● Raw data:
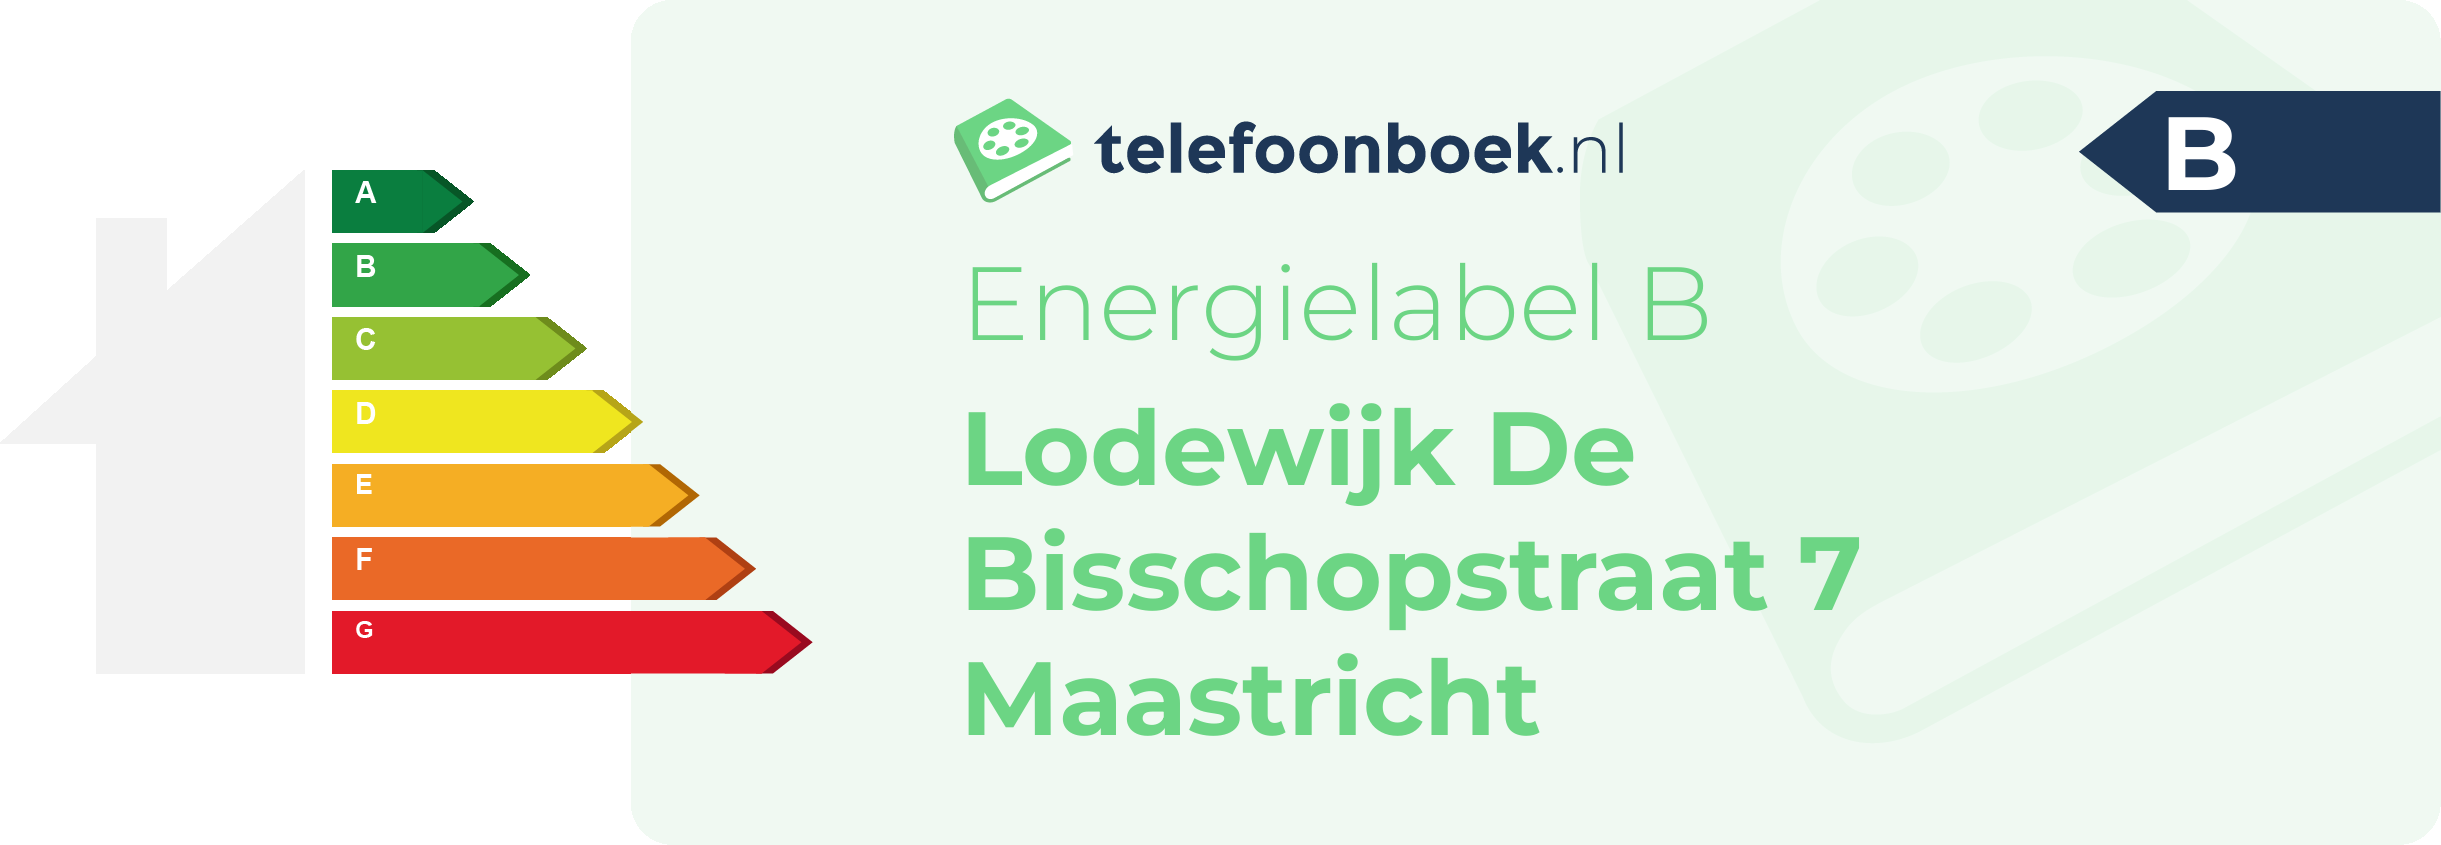 Energielabel Lodewijk De Bisschopstraat 7 Maastricht
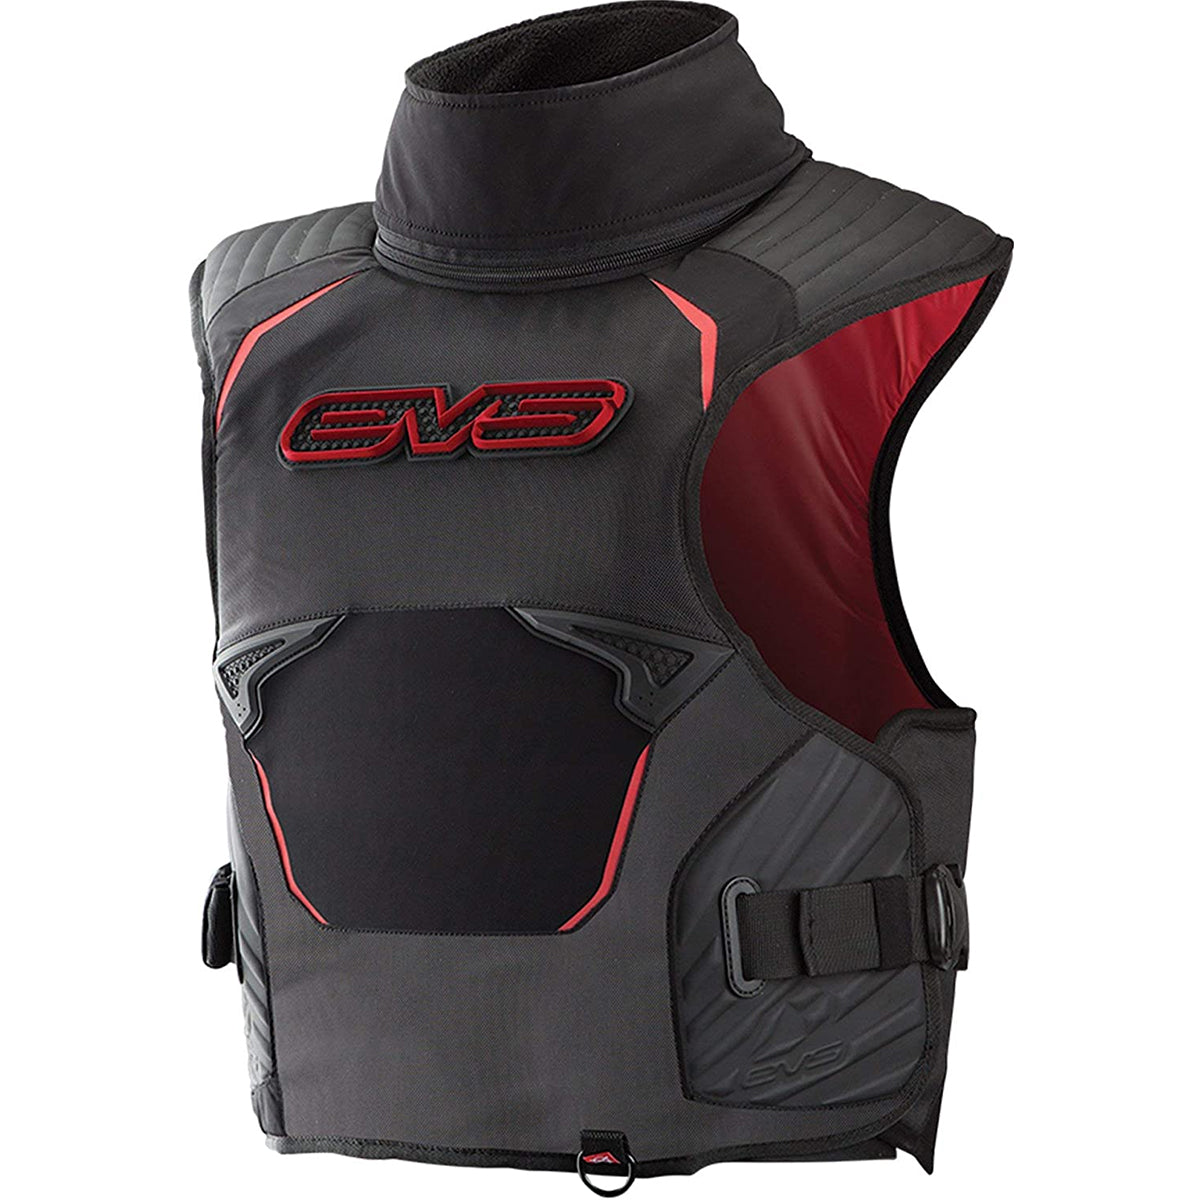 EVS SB03 Shoulder Brace - Adult Body Armour
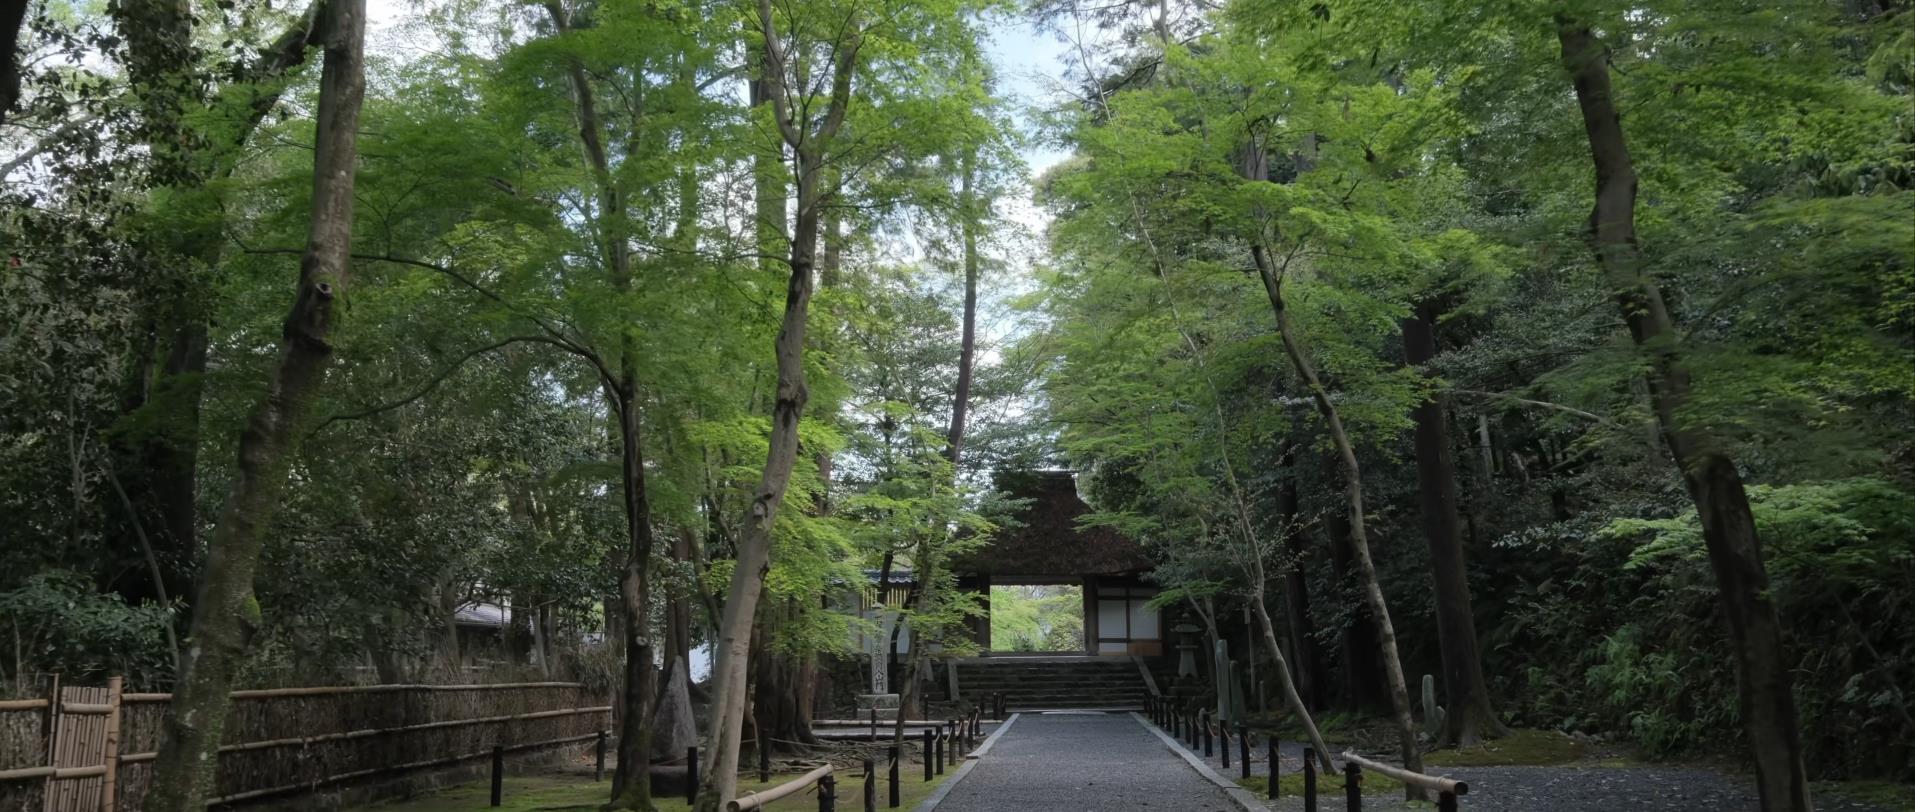 Wabi-Sabi-侘寂庭院,侘寂庭院,京都,侘寂设计,侘寂视频下载,日式侘寂庭院

● Prompt:
Word for word, quote the full listing, omitting every picture.

● Exercise solution:
 Energielabel Lodewijk De Bisschopstraat 7 Maastricht
 EVS SB03 Shoulder Brace - Adult Body Armour
 Wabi-Sabi-侘寂庭院,侘寂庭院,京都,侘寂设计,侘寂视频下载,日式侘寂庭院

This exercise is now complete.